Typique de l’architecture commerciale de la fin du XIXe siècle, le « Centorial », nom porté depuis 1996 par l’immense édifice installé entre la rue du 4 septembre et le boulevard des Italiens au niveau de la rue de Gramont (2e arrondissement), est l’un des immeubles les plus majestueux de Paris. On part à la découverte de ce joyau architectural de la fin du XIXe siècle, témoin de l’époque où l’architecture bancaire était à son apogée.
Un palais d’argent, image de marque du Crédit lyonnais
Situé entre le Palais Brongniart et l’Opéra Garnier, cet édifice érigé entre 1876 et 1913 est l’un des nombreux exemples de l’architecture bancaire de la fin du XIXe siècle dans le quartier. Il est pourtant l’un des rares à porter, près de 110 ans après son achèvement, tant d’éclat et de prestige. Cela, grâce à sa taille, d’abord : l’édifice occupe l’intégralité du quadrilatère formé par le boulevard des Italiens et les rues de Gramont, de Choiseul et du 4 septembre… soit près d’un hectare au coeur du 2e arrondissement ! Mais son prestige vient surtout de sa façade, digne des plus beaux palais parisiens.

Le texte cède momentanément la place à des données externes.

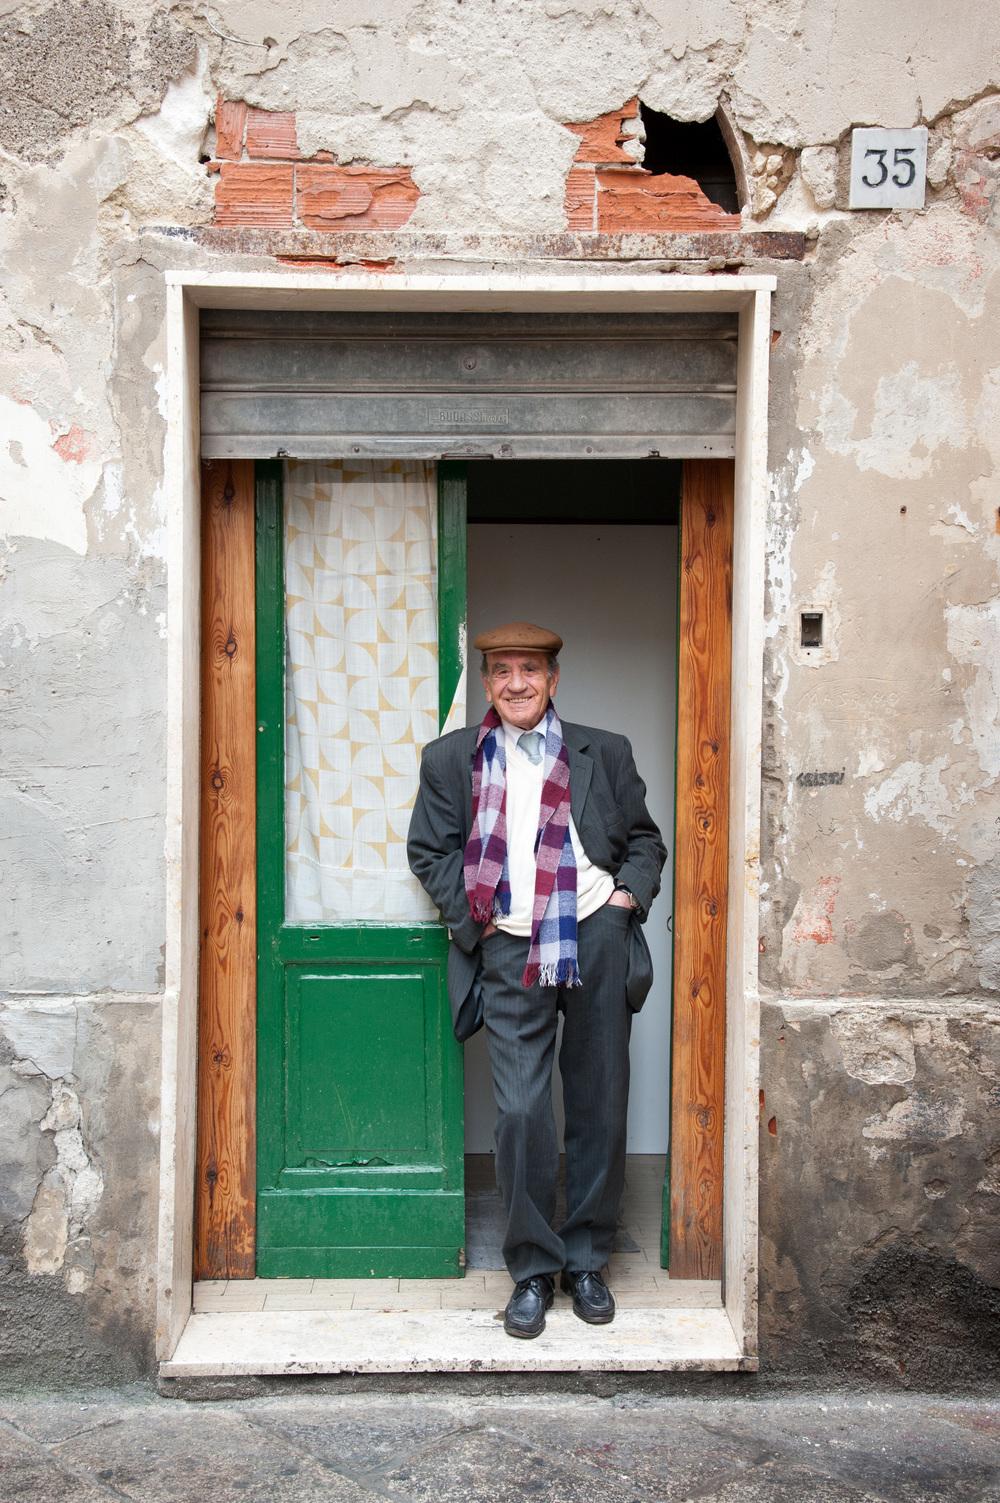 Barber on his shop doorstep, Sassari, Sardinia

Construit par et pour le Crédit lyonnais, l’édifice est l’oeuvre de deux architectes renommés : débutée par l’architecte néerlandais William Bouwens Van der Boijen – à qui l’on doit également le sublime hôtel particulier aujourd’hui occupé par le Musée Cernuschi – la construction sera finalisée par Victor Laloux, qui avait réalisé quelques années plus tôt la gare d’Orsay, actuel musée.
Sa création dans un style florissant typique de la période post-haussmannienne n’est pas le fruit du hasard ou une simple volonté d’être dans l’air du temps : les patrons du Crédit lyonnais voulaient que l’édifice soit suffisamment grand pour accueillir une foule de coffres-forts dans ses sous-sols (il y a cinq étages de sous-sol !), visible de loin pour attirer l’oeil et, surtout, aussi majestueux que possible afin d’en mettre plein la vue à de potentiels investisseurs. Et quoi de mieux que de s’inspirer des plus belles constructions françaises pour donner de l’éclat à un édifice ?
Une façade inspirée du Louvre…
Ainsi, la partie la plus ancienne, donnant sur le boulevard des Italiens, n’est autre qu’une reproduction libre du pavillon de l’Horloge du Louvre. On y retrouve le même agencement de façade, presque les mêmes cariatides, les mêmes colonnes corinthiennes, et une horloge très proche de celle du pavillon du Louvre. Les ornementations du siège du Crédit lyonnais sont certes un peu plus arrondies et il manque un étage à l’édifice, mais on n’est vraiment pas loin de la copie conforme !
La seconde façade monumentale, celle donnant sur la rue du 4 septembre, est tout aussi impressionnante : surmontée du nom de l’édifice – Le Centorial, depuis 1996 – elle se révèle plus proche du style haussmannien, plus épurée et parfaitement symétrique, mais regorge de petits détails qui méritent le regard. Ses cariatides centrales, son immense fenêtre en arc, ses différents médaillons représentant le blason lyonnais ou des lys français, ses colonnes corinthiennes… Tout est parfaitement agencé et ordonné !
…et des escaliers inspirés de Chambord !
Si vous avez la chance de pouvoir entrer dans l’édifice, vous découvrirez alors la suite d’un spectacle qui paraît sans fin tant cet immeuble est immense : côté boulevard des Italiens, l’édifice cache une superbe rotonde sous coupole vitrée, dans laquelle se dresse un escalier d’honneur absolument magnifique. Cet escalier à vis et à double révolution est directement inspiré de celui du château de Chambord.
De l’autre côté, on pourra découvrir une autre coupole, agrémentée d’un hall et d’une immense verrière métallique. Cette partie, ravagée par un incendie le 5 mai 1996 au petit matin, a été réhabilitée au début des années 2000 et est aujourd’hui la propriété d’un fonds d’investissement et accueille un centre d’affaires. Son nom, Centorial, date d’ailleurs de cette époque : l’édifice a été renommé ainsi afin de pouvoir conserver le sigle CL sculpté sur la façade.